### TASK DIRECTIONS
All lines below starting at the one that holds "This is a 2019" and ending at the one that holds "Dining sideboard with" should be printed exactly, ends included. Pictures should not be printed, nor anything else.

### RECORDS TO PROCESS
----

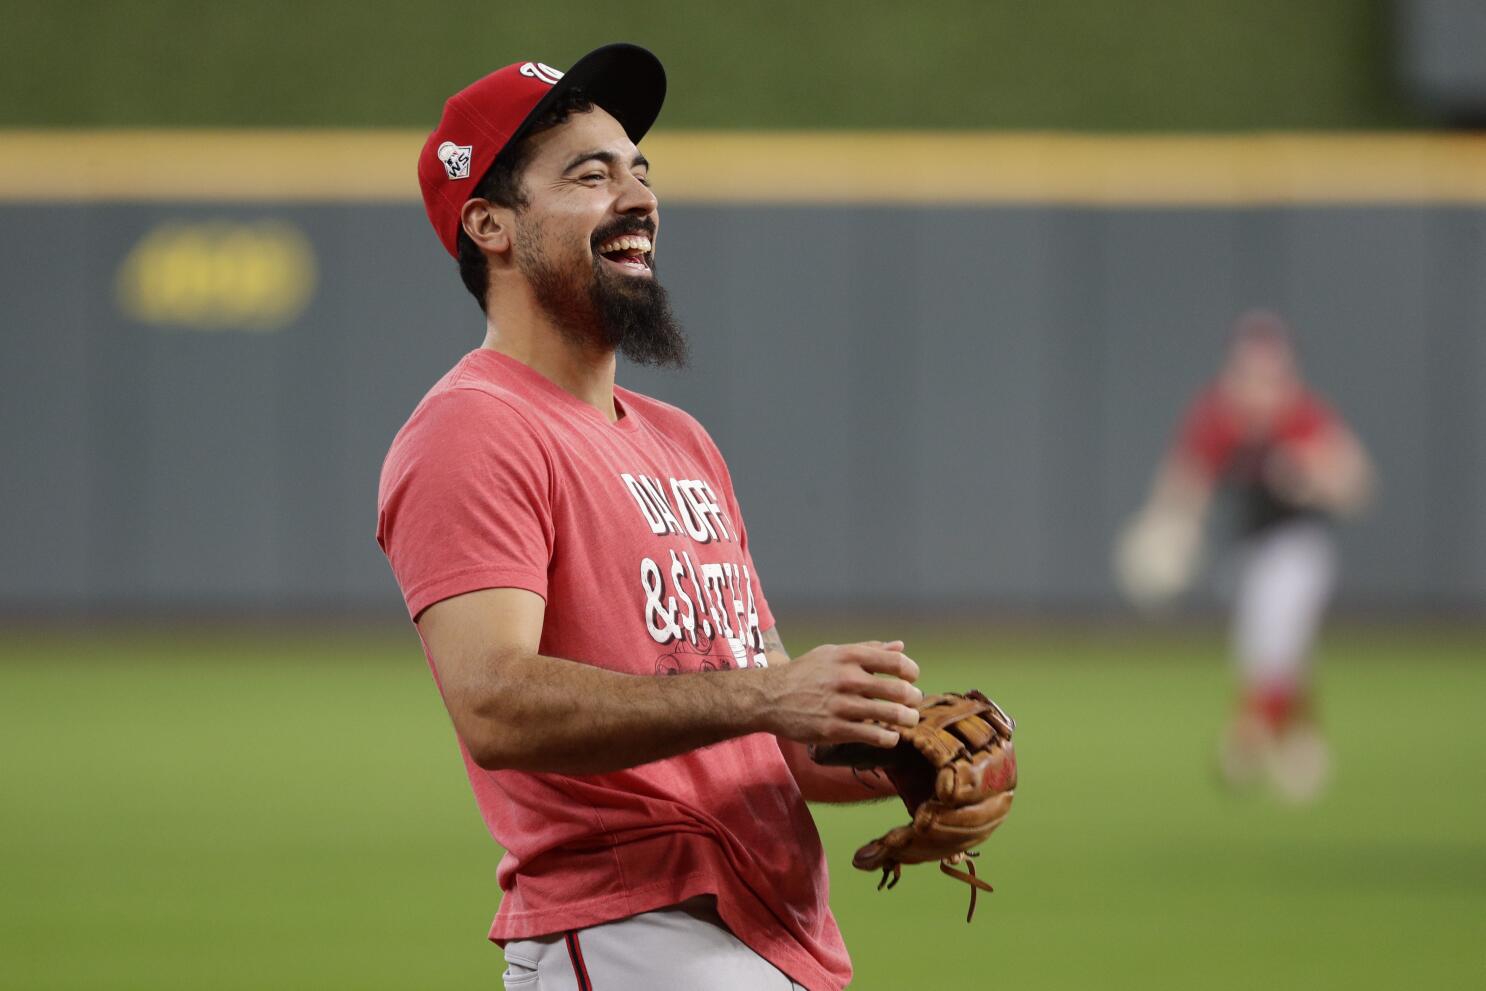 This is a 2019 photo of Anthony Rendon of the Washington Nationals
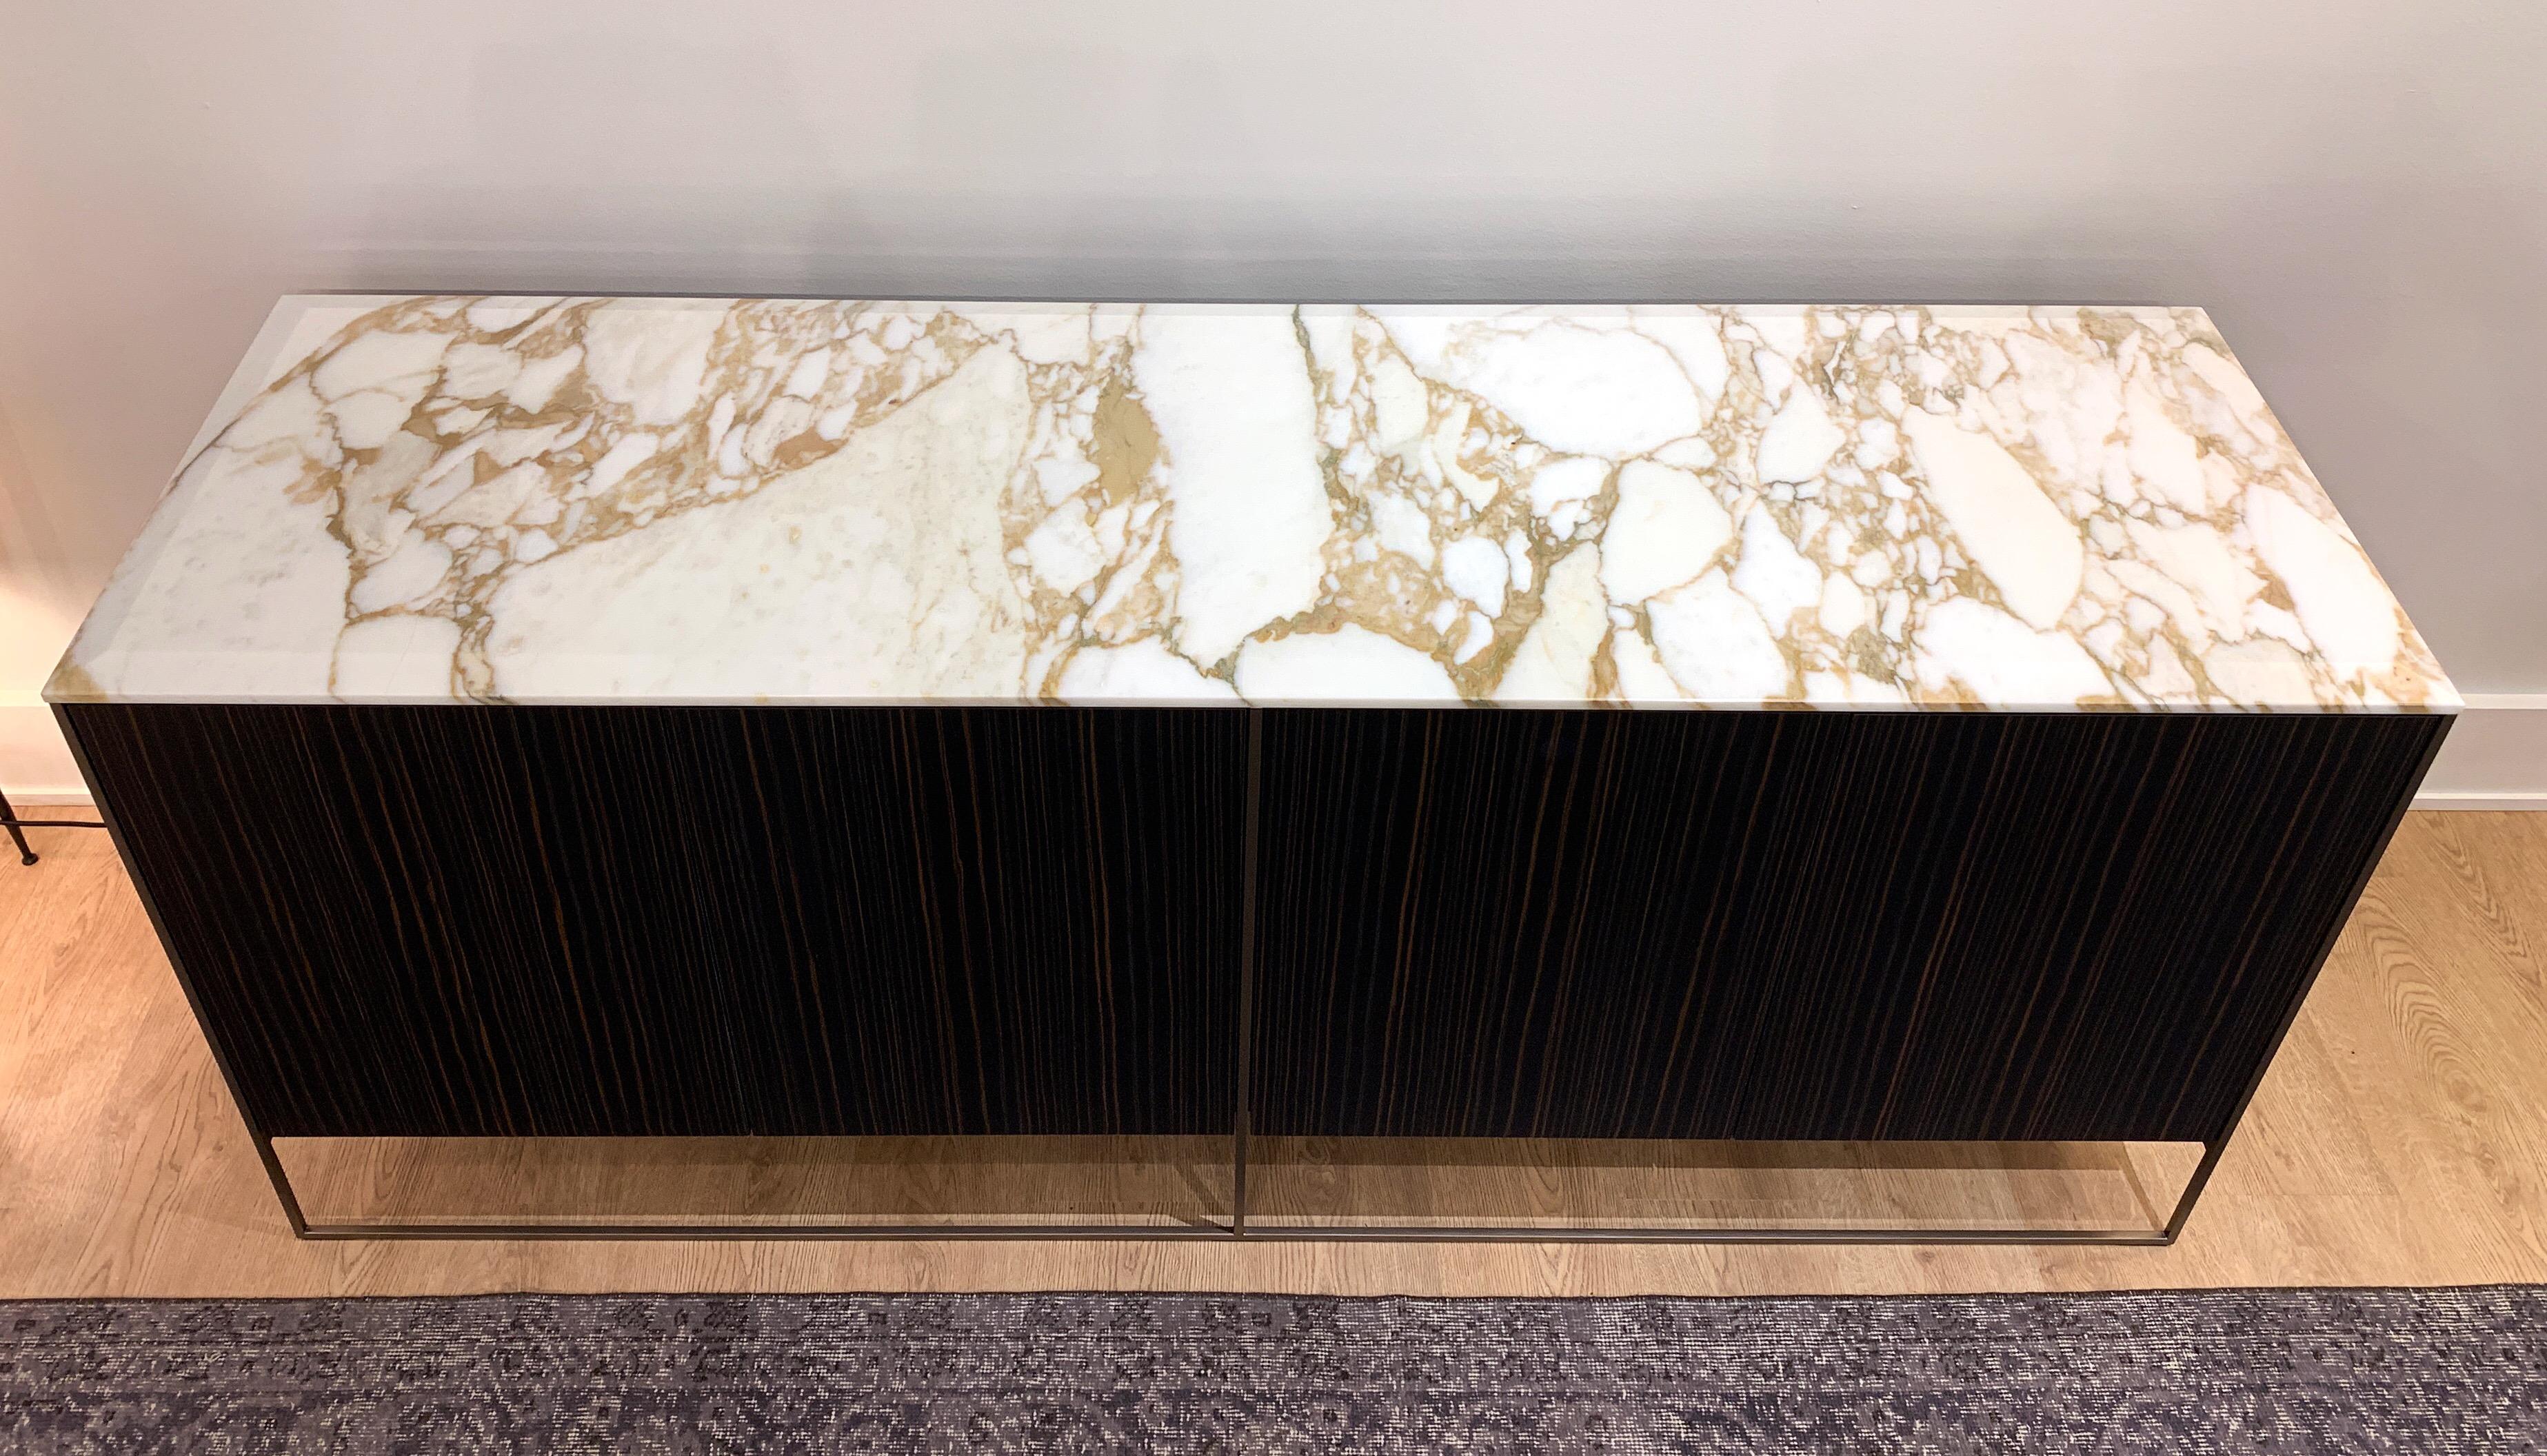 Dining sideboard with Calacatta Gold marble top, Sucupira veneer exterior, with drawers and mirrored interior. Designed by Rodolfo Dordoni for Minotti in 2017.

----

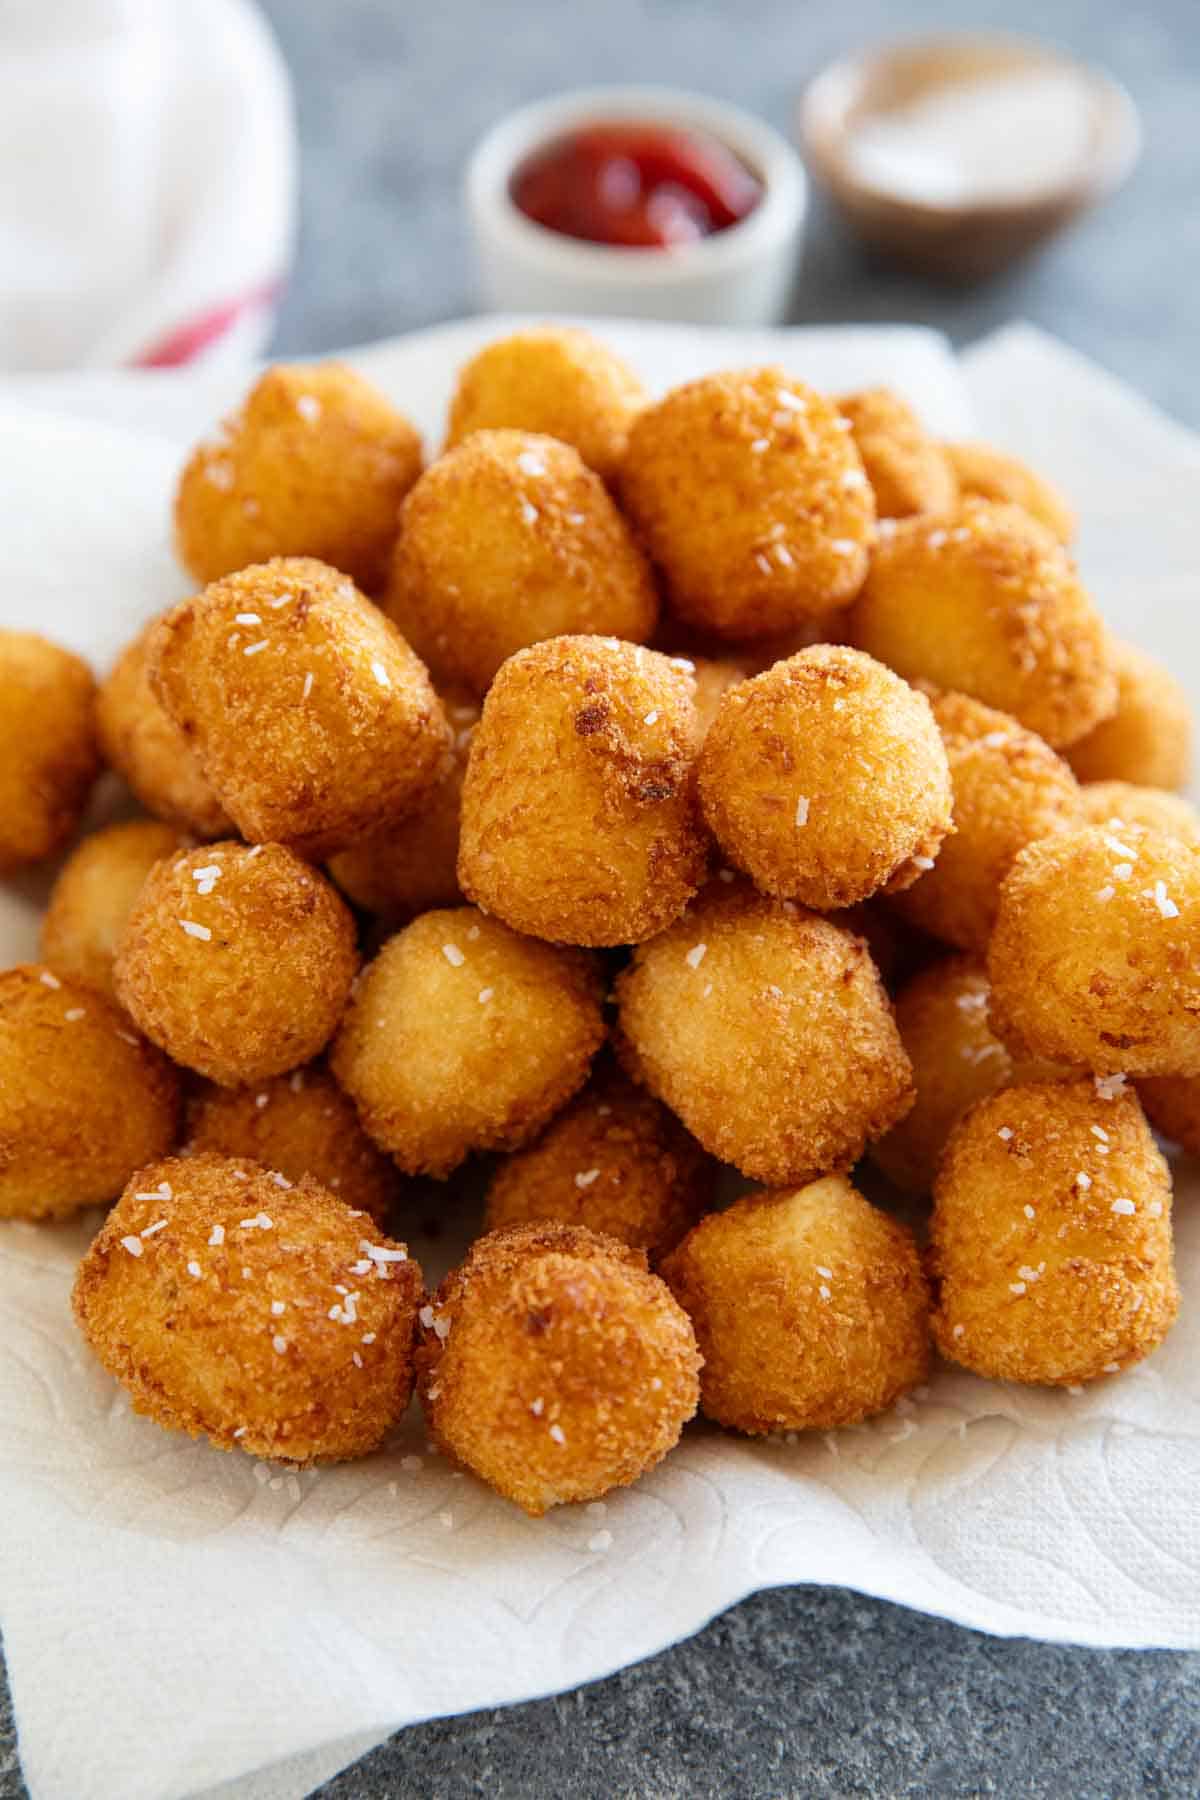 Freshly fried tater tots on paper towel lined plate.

----

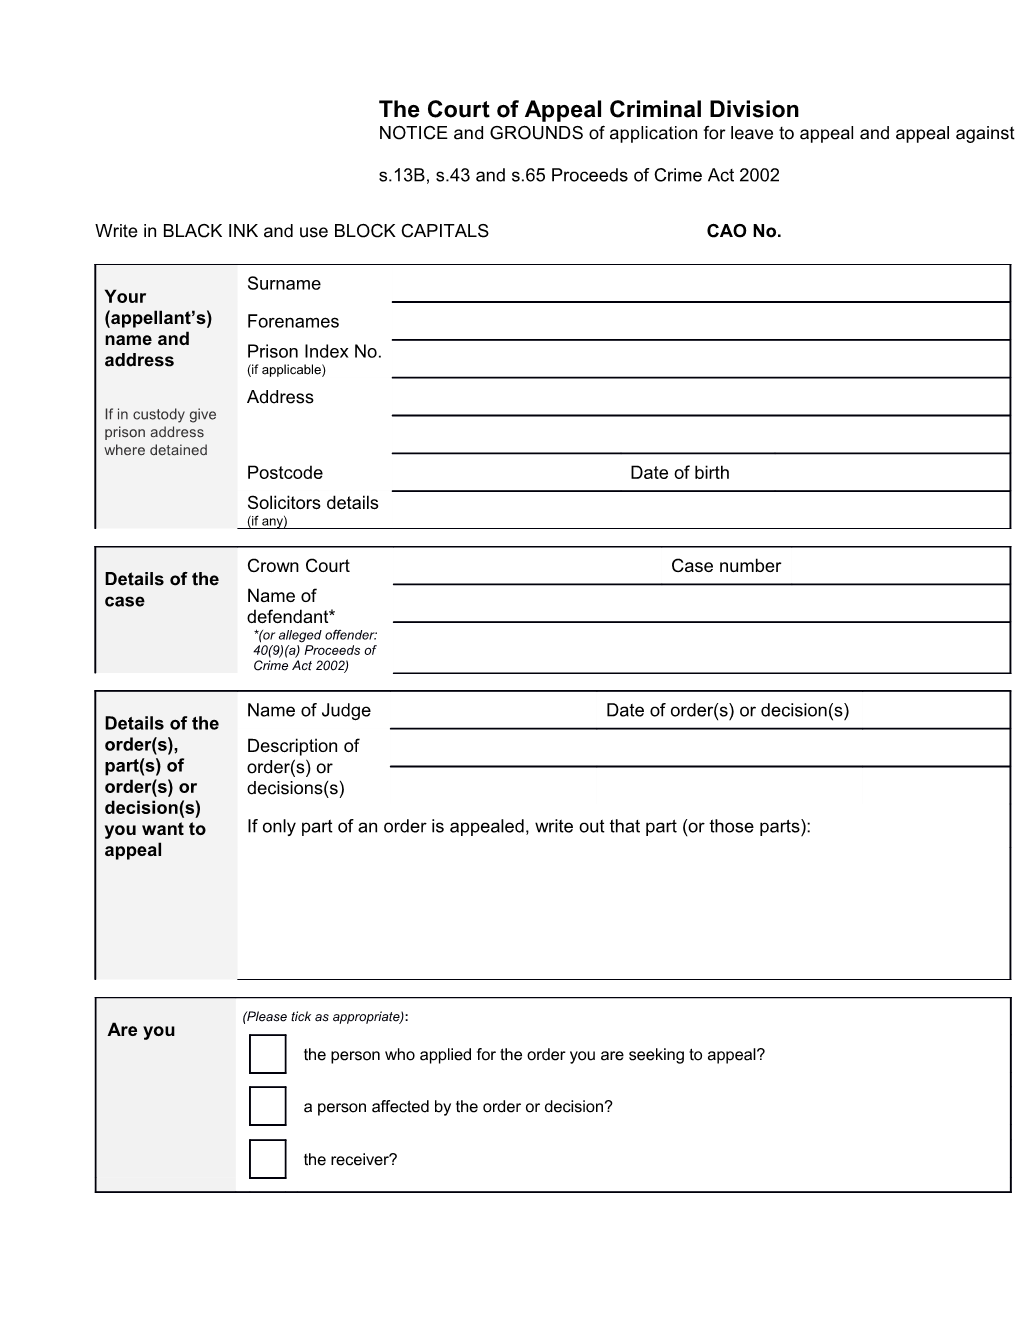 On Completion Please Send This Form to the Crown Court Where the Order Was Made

----

### YOUR SOLUTION
 This is a 2019 photo of Anthony Rendon of the Washington Nationals
 Dining sideboard with Calacatta Gold marble top, Sucupira veneer exterior, with drawers and mirrored interior. Designed by Rodolfo Dordoni for Minotti in 2017.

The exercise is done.